▶ What the task requires: Return all of the data below verbatim and exclude every picture.

▶ Source material:
* * * * * * *

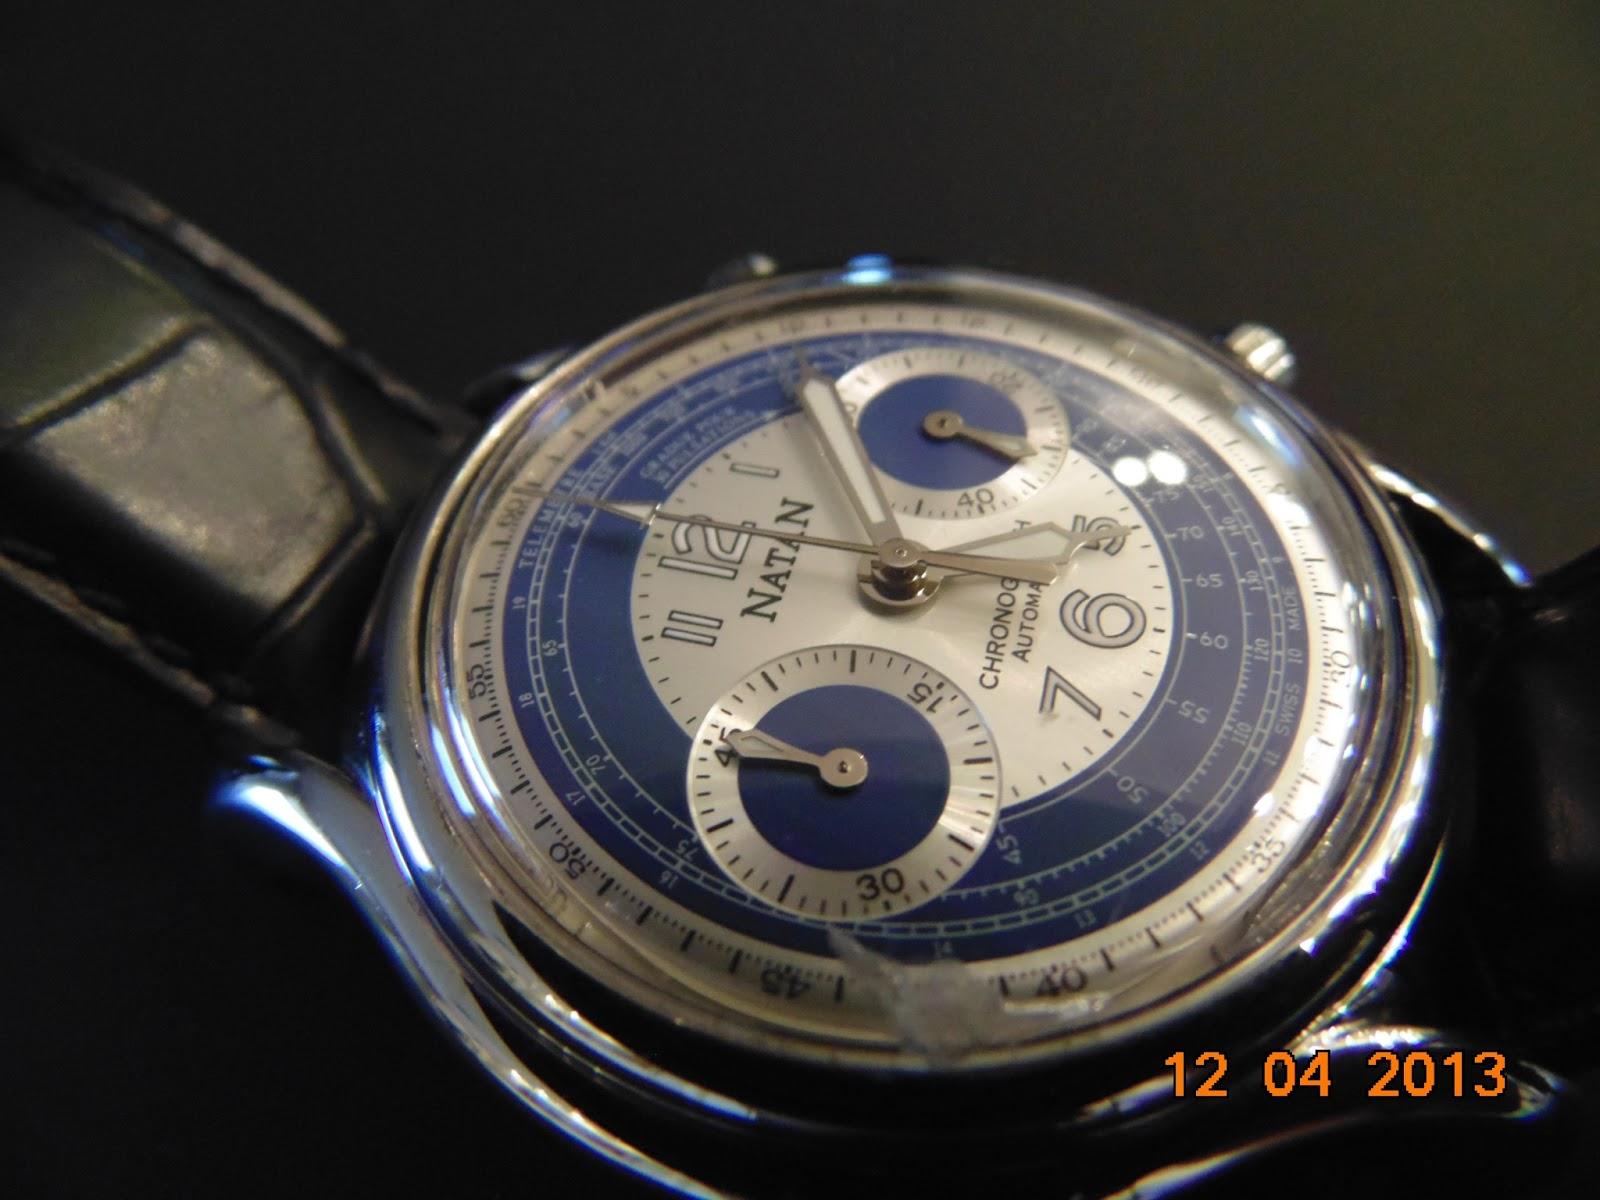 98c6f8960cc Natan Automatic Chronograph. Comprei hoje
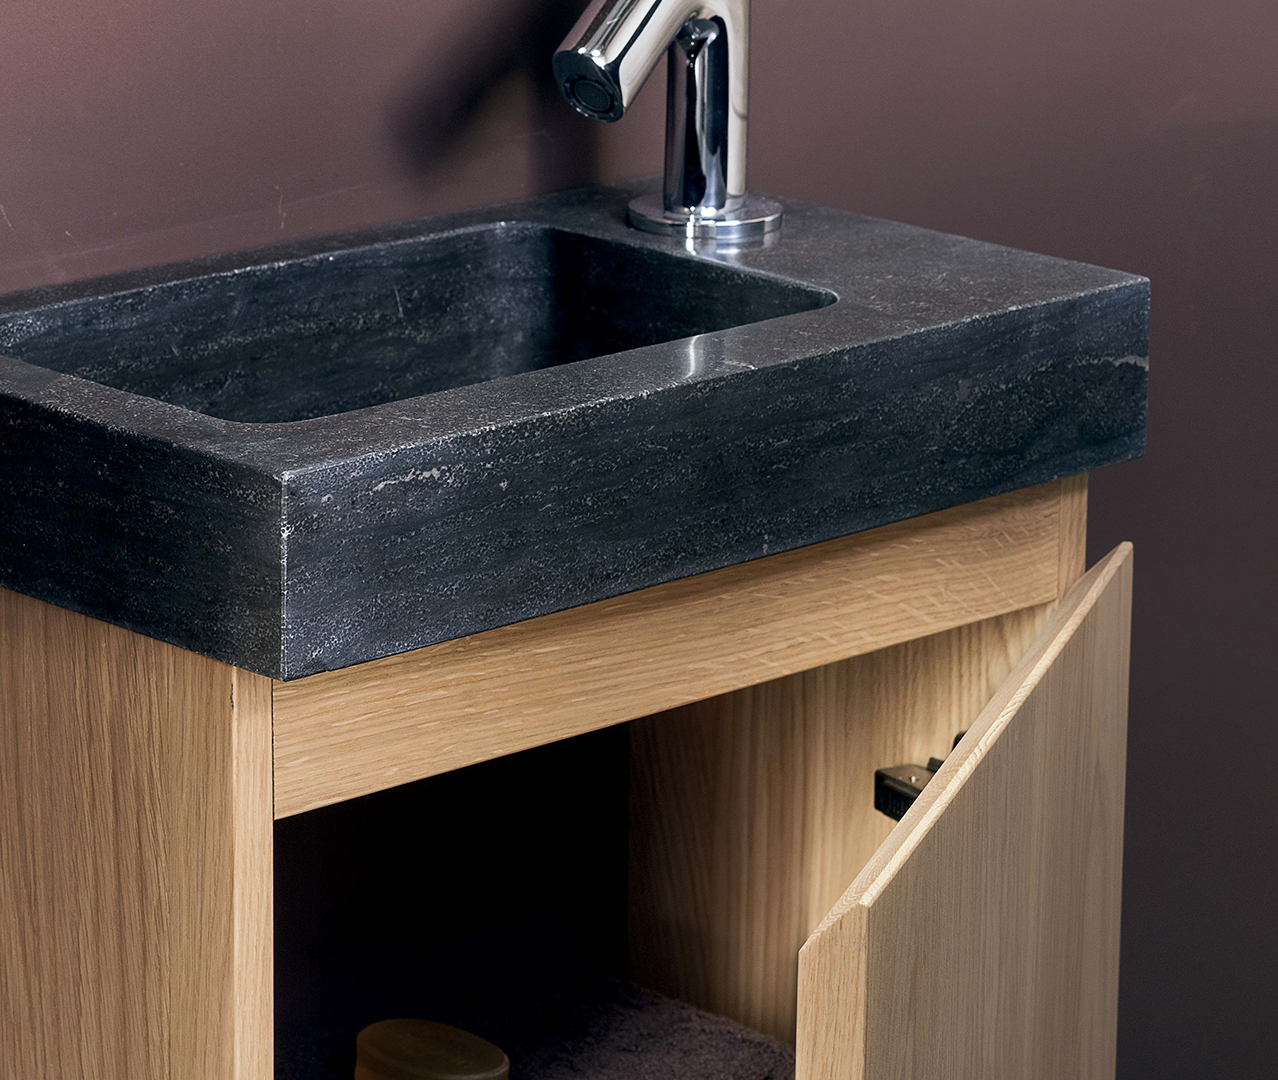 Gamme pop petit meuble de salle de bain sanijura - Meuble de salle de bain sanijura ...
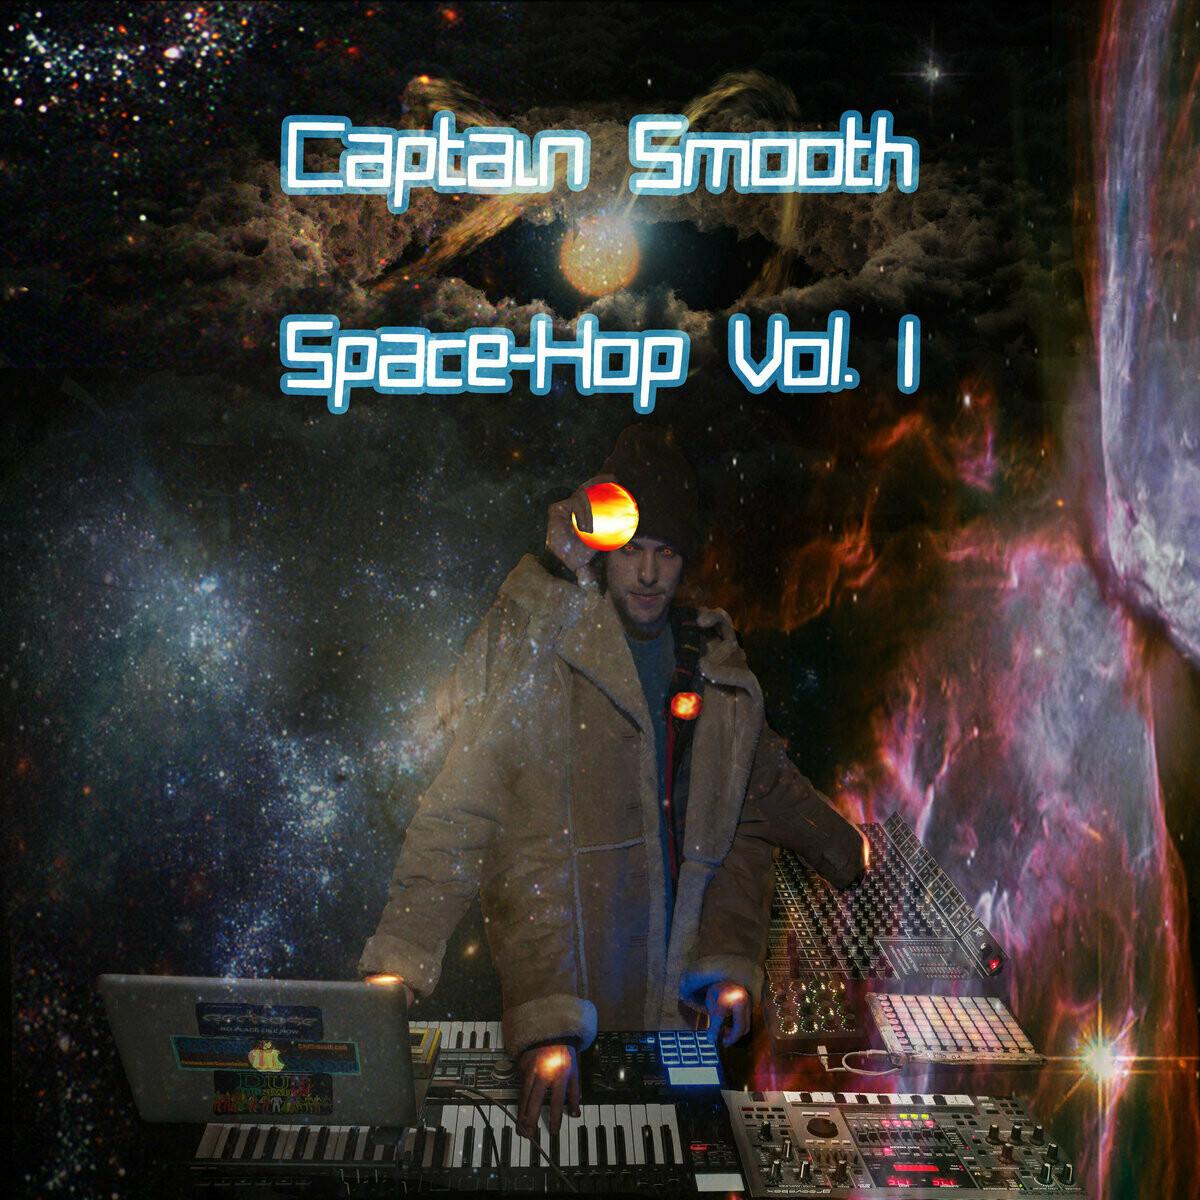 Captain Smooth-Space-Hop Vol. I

* * * * * * *

▶ Reply to the task:
 98c6f8960cc Natan Automatic Chronograph. Comprei hoje
 Gamme pop petit meuble de salle de bain sanijura - Meuble de salle de bain sanijura ...
 Captain Smooth-Space-Hop Vol. I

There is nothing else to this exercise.